During this edition, web category has been the one with most network traffic load, as we expected.

Surprisingly, or maybe not so much, WEB100 attracted a lot of attention from automated tools such as dirbuster, nikto, rustbuster, and so on, even if the hint for the correct path (/graphql) was printed in the first (and only) line of the landing page :)

During the first 10 minutes of the challenge we temporarily banned over 60 IP addresses and still had to ban automatic scans all night long, having a blacklist of 10 IP addresses on average.

Fun fact: five minutes from the end of the competition, we still had 3 IP addresses in the blacklist, banned for using dirbuster, nessus (?) and sqlmap.

 

Another interesting fact is that for the web400 almost all the teams in the top 10 have won the race condition, which we thought would be the hardest part of the challenge.

The CRLF injection has been difficult to detect for everyone and probably almost nobody thought about a SQLi in the basic authentication.

At the end of the games, only 2 teams solved the web400, and one of them got the second position.

 

Binary

The arts of exploitation and reverse engineering require a lot of experience and technique. Finding bugs to exploit applications and understanding binary code of uncommon architectures are methodologies for people of great experience and an extreme ability in problem solving. 

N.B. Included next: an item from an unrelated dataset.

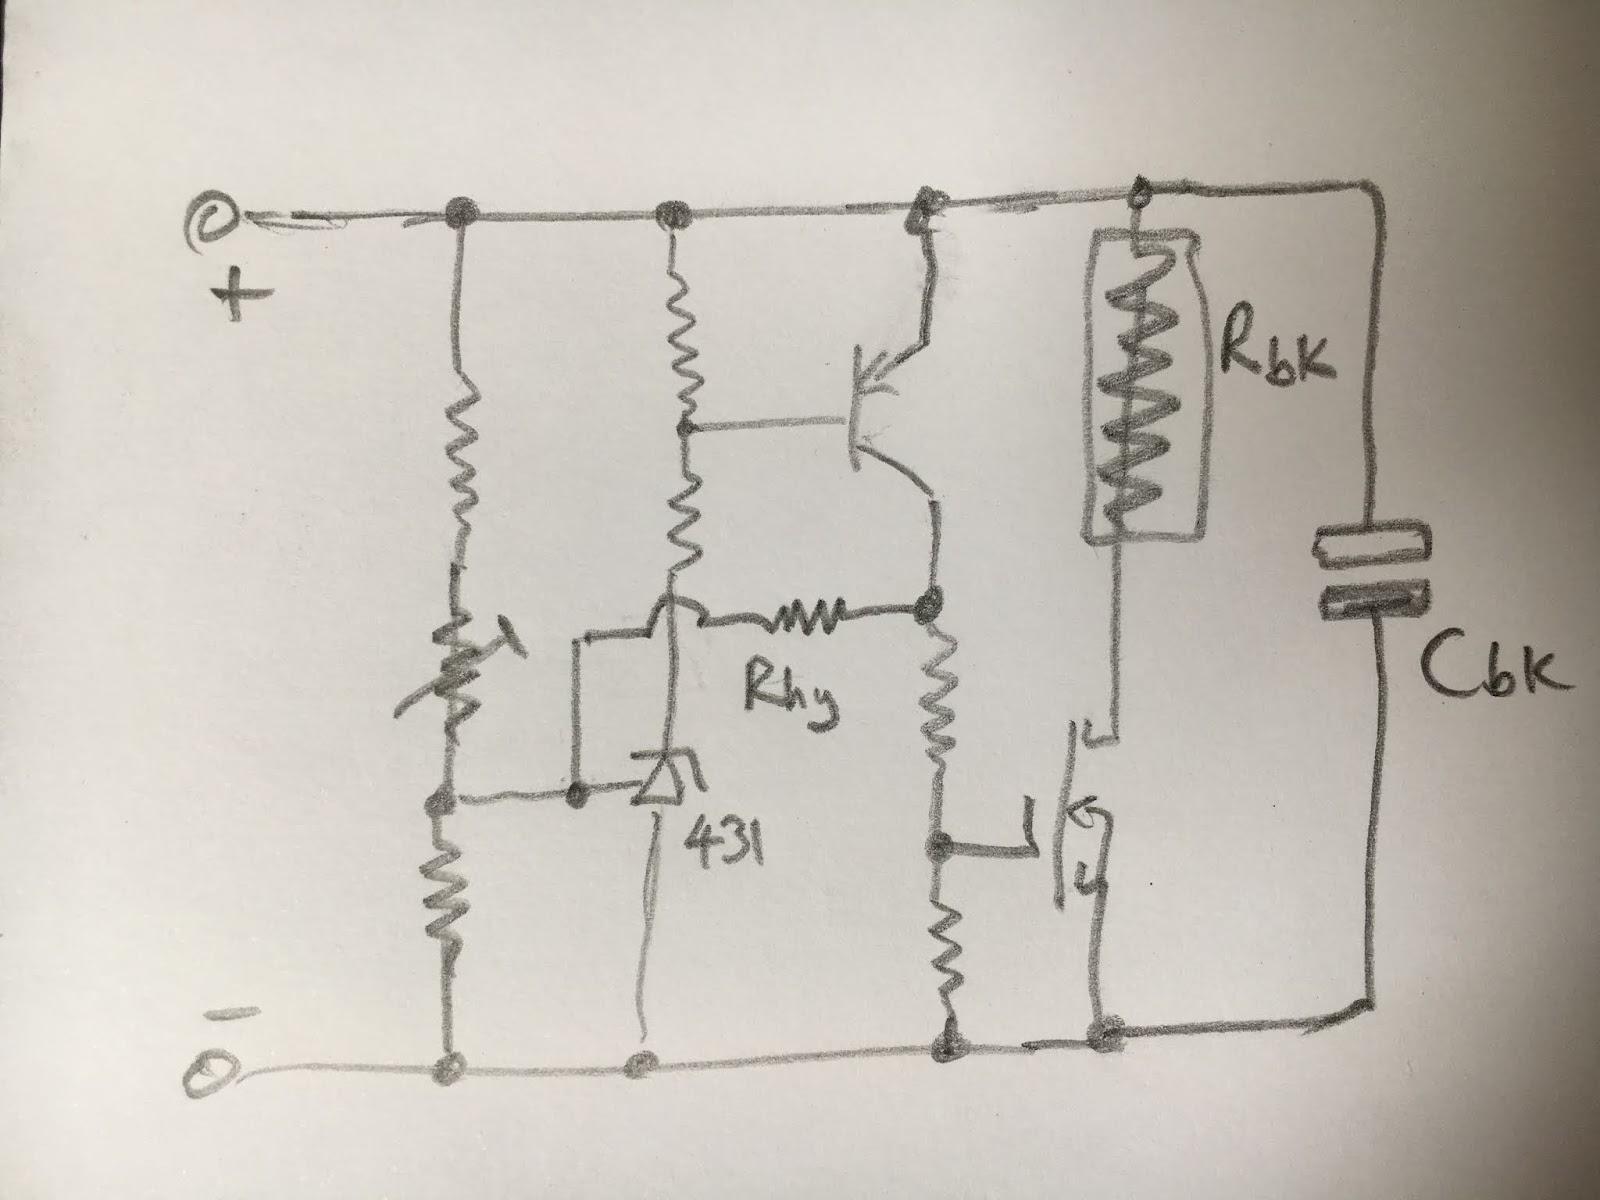 The Mighty Shiz: Active clamp / braking resistor circuit design

The binary category was developed in order to simulate a potential undiscovered exploit or to retrieve sensible information in a IoT device. This is a daily routine for the IoT PenTest team in Reply.

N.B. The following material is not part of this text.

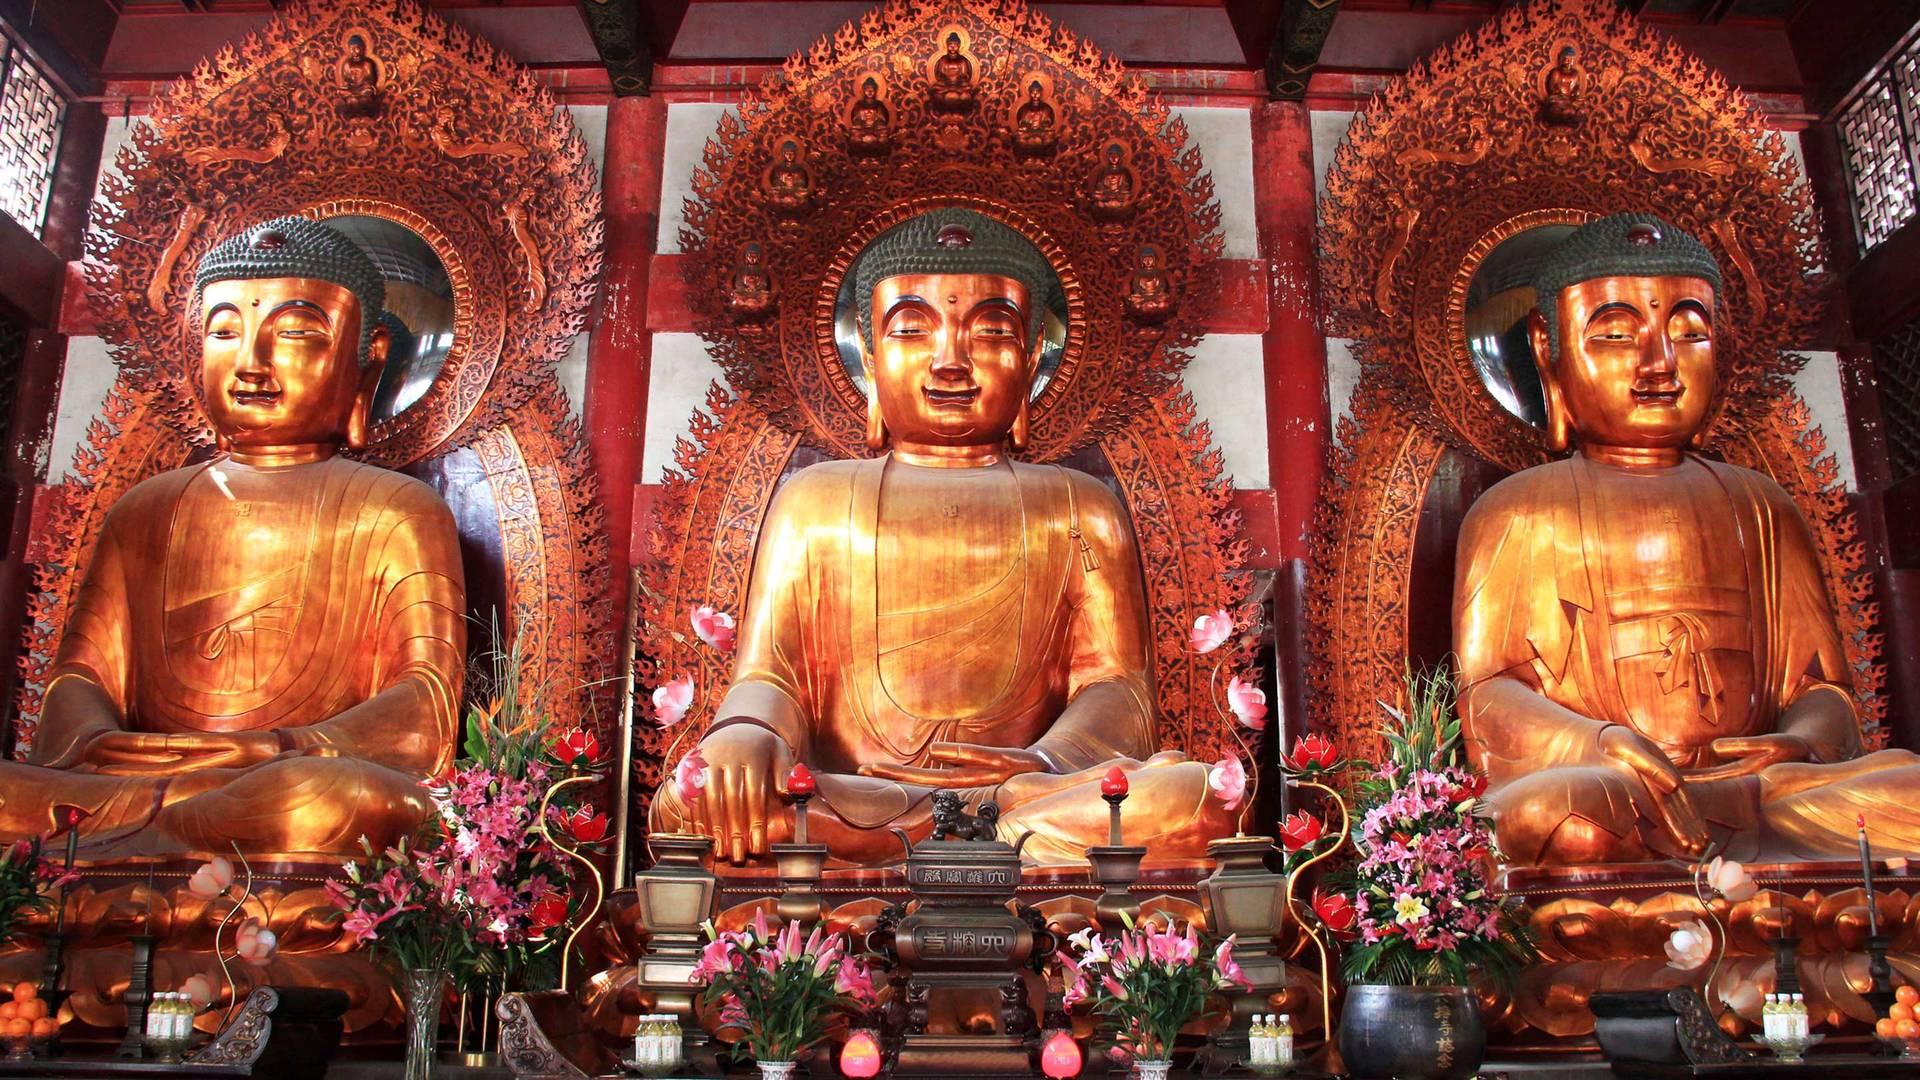 Sculpture of the Buddha in Guangzhou

This year we developed the binary category on a deep knowledge of the operating system and the capability of reading code of uncommon architectures. 

 

BINARY200 was a custom Boot Loader, the teams that solved this challenge proved a deep knowledge of how an operating system starts and how it is loaded in the memory. 

 

BINARY300 and 400 require multiple skills, the players must be able to find solutions to problems that they have never met. Emulation of arduino, read disassembly of uncommon CPUs, decompile SPIR-V code, execute and patch graphics binaries require an extraordinary problem solving ability. We really appreciate that boh the challenges were resolved by multiple teams, a special congratulations to the Armia Prezesa team which solved the BINARY400 in less than a couple of hours. 

 

The last challenge, BINARY500, was unsolved due to the lack of time available for the teams to solve the problem since this challenge was first unlocked at four hours from the end of the games. Although the time was running out, we checked that some teams tried to solve the most difficult binary challenge and they were on the right way! 

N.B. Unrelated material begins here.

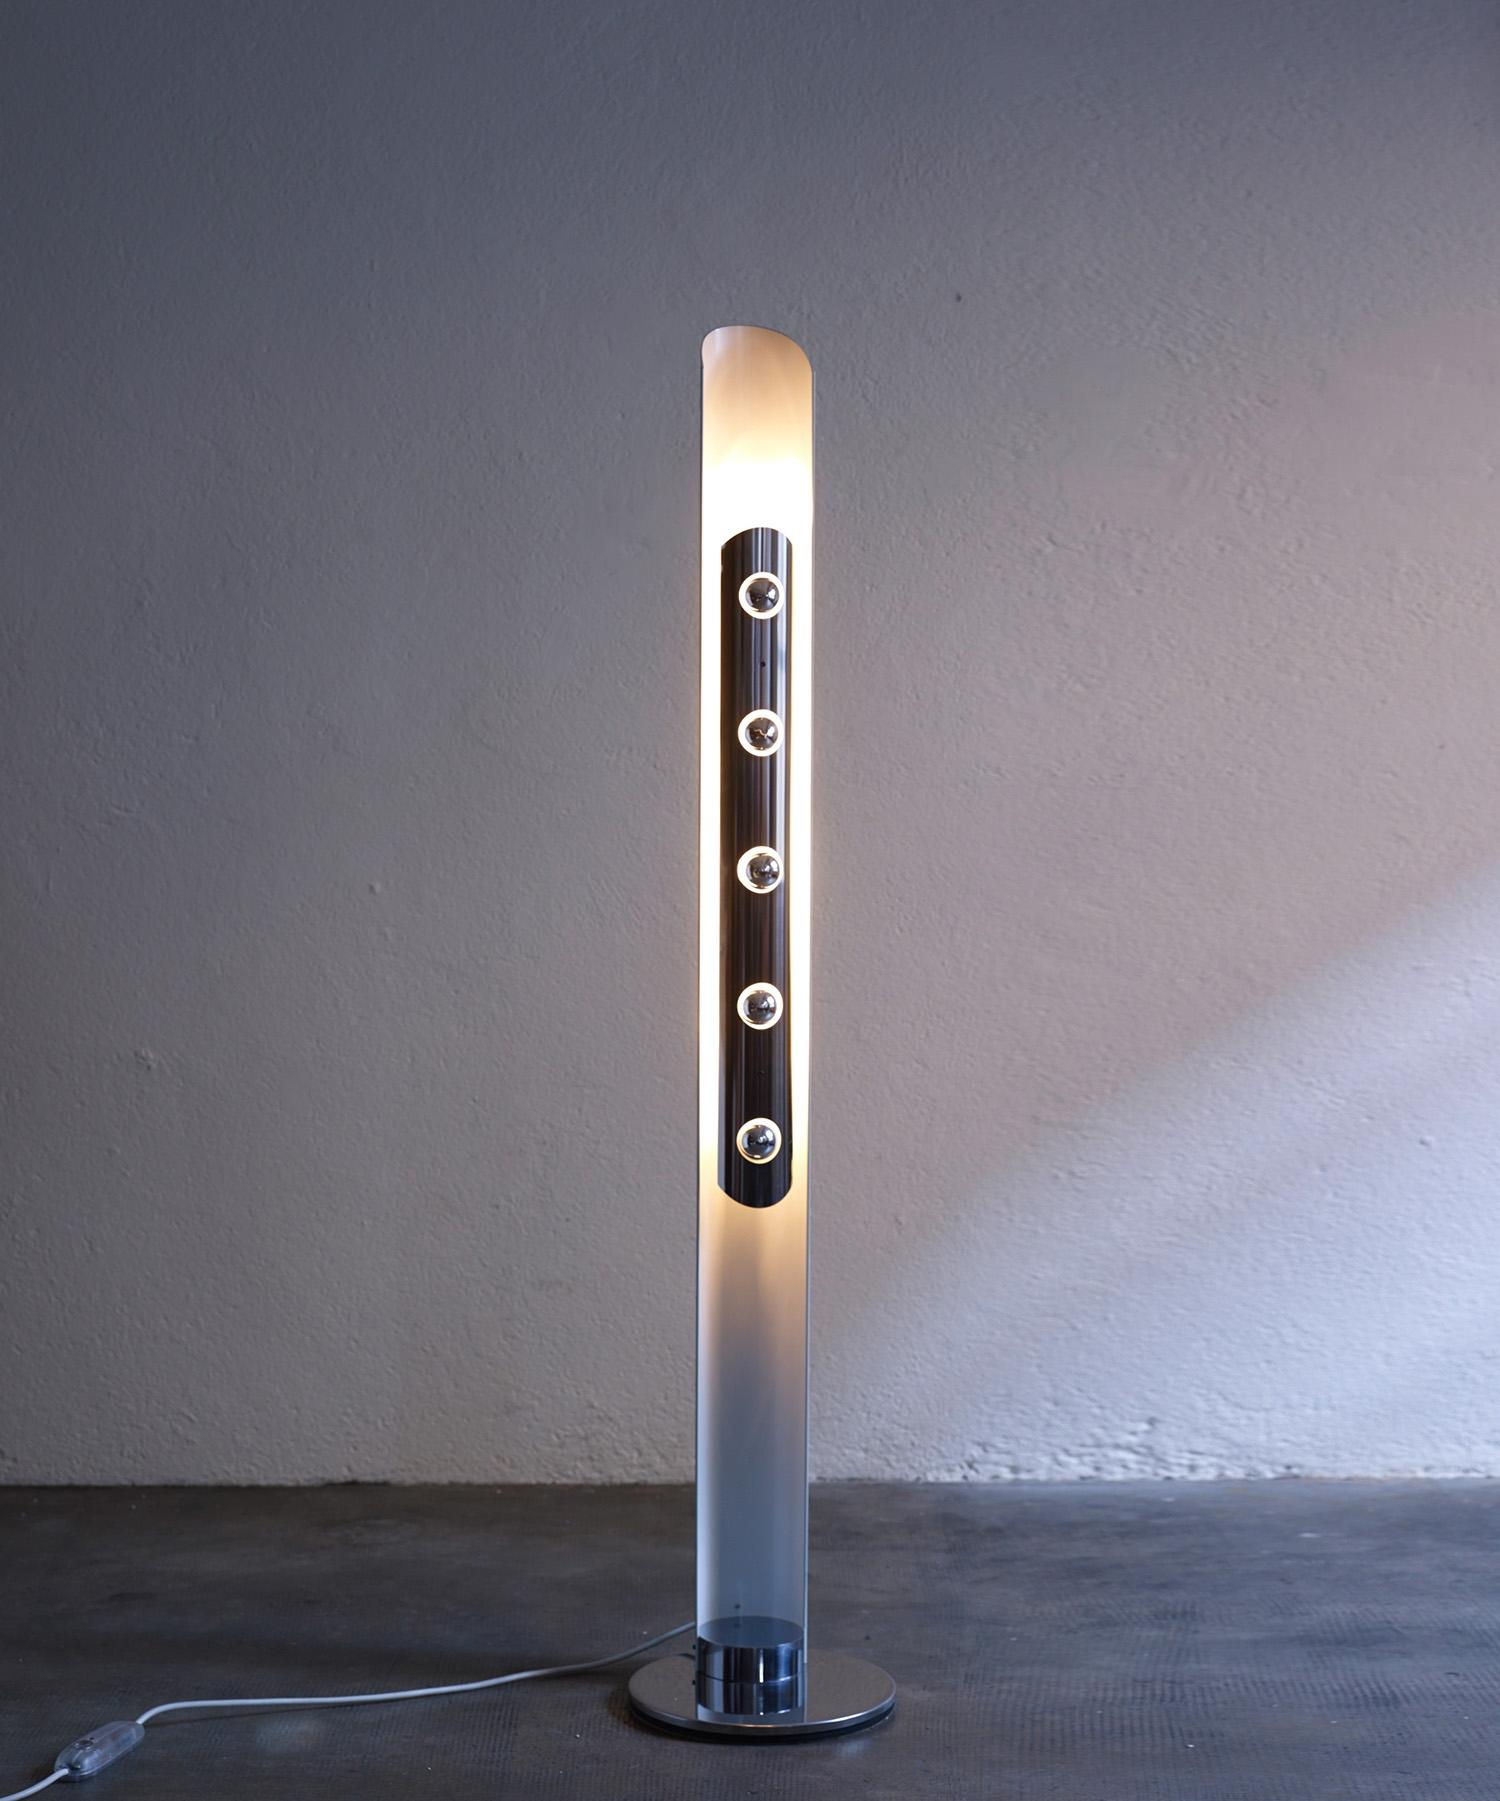 italian-floor-lamp-by-enrico-tronconi-1970-image-01

This challenge required a deep knowledge of how an operating system works and an extraordinary capability in writing exploits, this art is not for ordinary people. 

 

We really appreciated the effort of all the teams, especially the top ones who solved our binary challenges. We hope to see you next year, take care!

 

How many attacks did we receive?

As you can imagine, the Reply challenges platform is constantly exposed to external attacks. And these attacks become more and more frequent when we launch a new challenge and when we enlarge our community. Starting from September 9th (Registrations opening) to October 10th (end of the challenge) we collected a total of 173 attacks splittend in: SQL injection, cross-site scripting and illegal resource access - (mostly from? Ukraine!) 

 

 

BEERS500

Last but not least, the facts and figueres that matter: we ordered and drank +252 beers, ate 350 sandwiches, as they were not enough we added 40 pizzas, 50 crisps packs to accompany the countless time-travels with R-Boy.

 

So, the 2020 Cyber Securty Challenge has been a great adventure, take a look at the winners write-up and keep training.

 

What will R-Boy face next year? Only the best players will discover it. Kudos to all see you next year!